Exuberance | 5.3 (2.0) | 5.1 (2.0) | .79 | -0.99 | .33 |

Structure | 5.0 (2.3) | 4.7 (2.3) | .93 | -2.73 | .01 |

Stability | 5.8 (2.1) | 5.4 (2.3) | .87 | -2.78 | .01 |

Mean | 5.2 (2.1) | 5.0 (2.1) | .87 | ||

* The corresponding standard deviations are presented in brackets ** All correlations were tested at the .01 level |

T-tests were used in order to check whether the means were significantly different from each other. The t-tests showed significant differences for four of the scales (*Attentiveness*, *Precision*, *Optimism* and *Originality*) and two of the factors (*Structure *and *Stability*). The t-values and corresponding p value for the scales for which the first and second administration differed significantly are represented in Table 4.3. The t-values and corresponding p value for all the factors are represented in Table 4.4.

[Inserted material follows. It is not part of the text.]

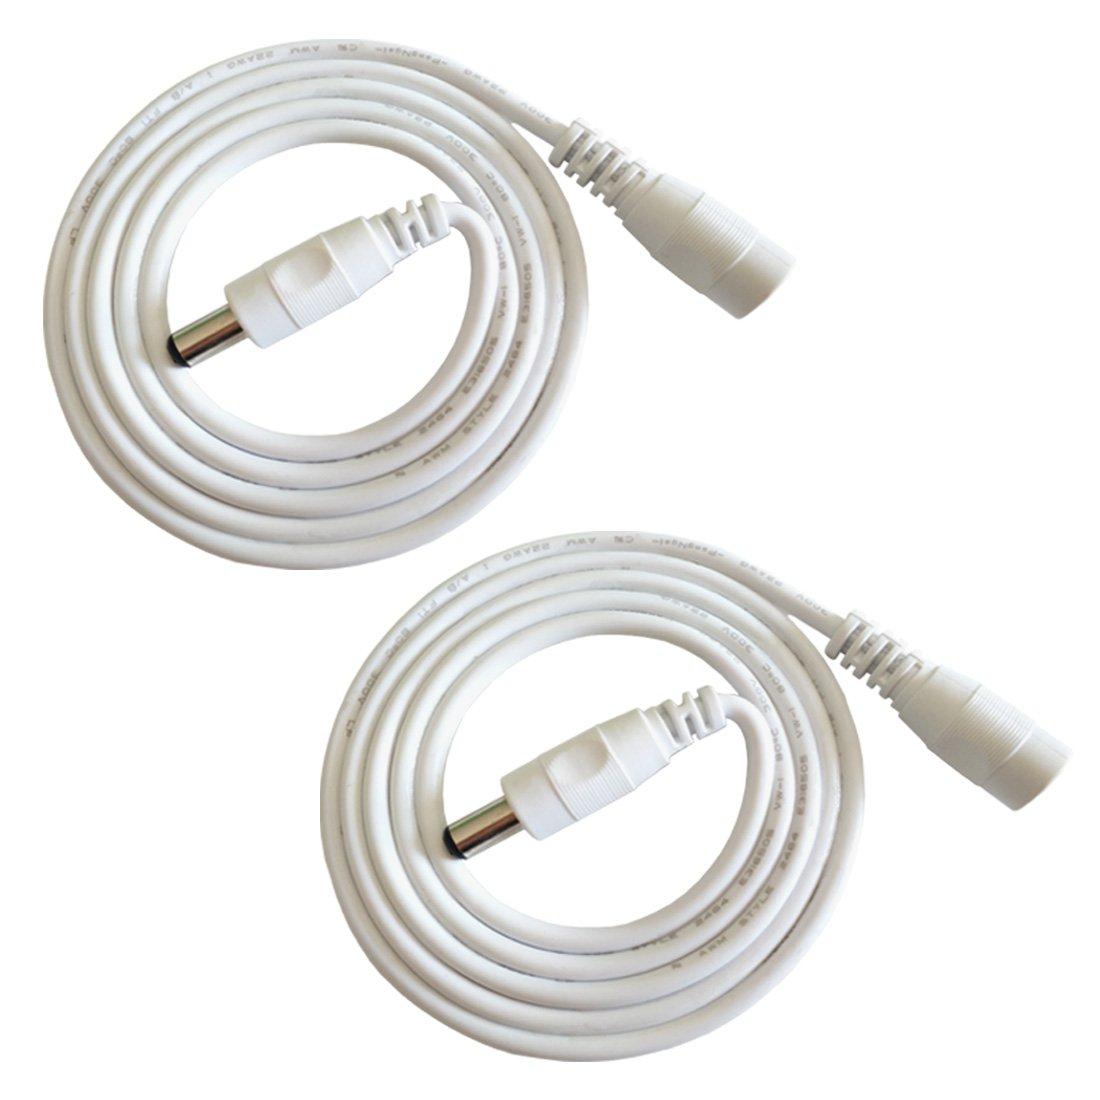 LED Coche Negro C/ámara CCTV Potencia Flexible Monitores y M/ás Liwinting 2 Piezas 10m Cable de Extensi/ón Plug DC 2,1 mm x 5,5 mm Macho a Hembra Conector para Adaptador de Corriente

The correlations between the first and second administration are about as high as the reliabilities of the respective scales and factors. Test-retest correlations are in general lower than the reliabilities because there are real changes (in personality) in the research group. The stability of the scores on the WPI with an intervening period of nine months appears to be very high.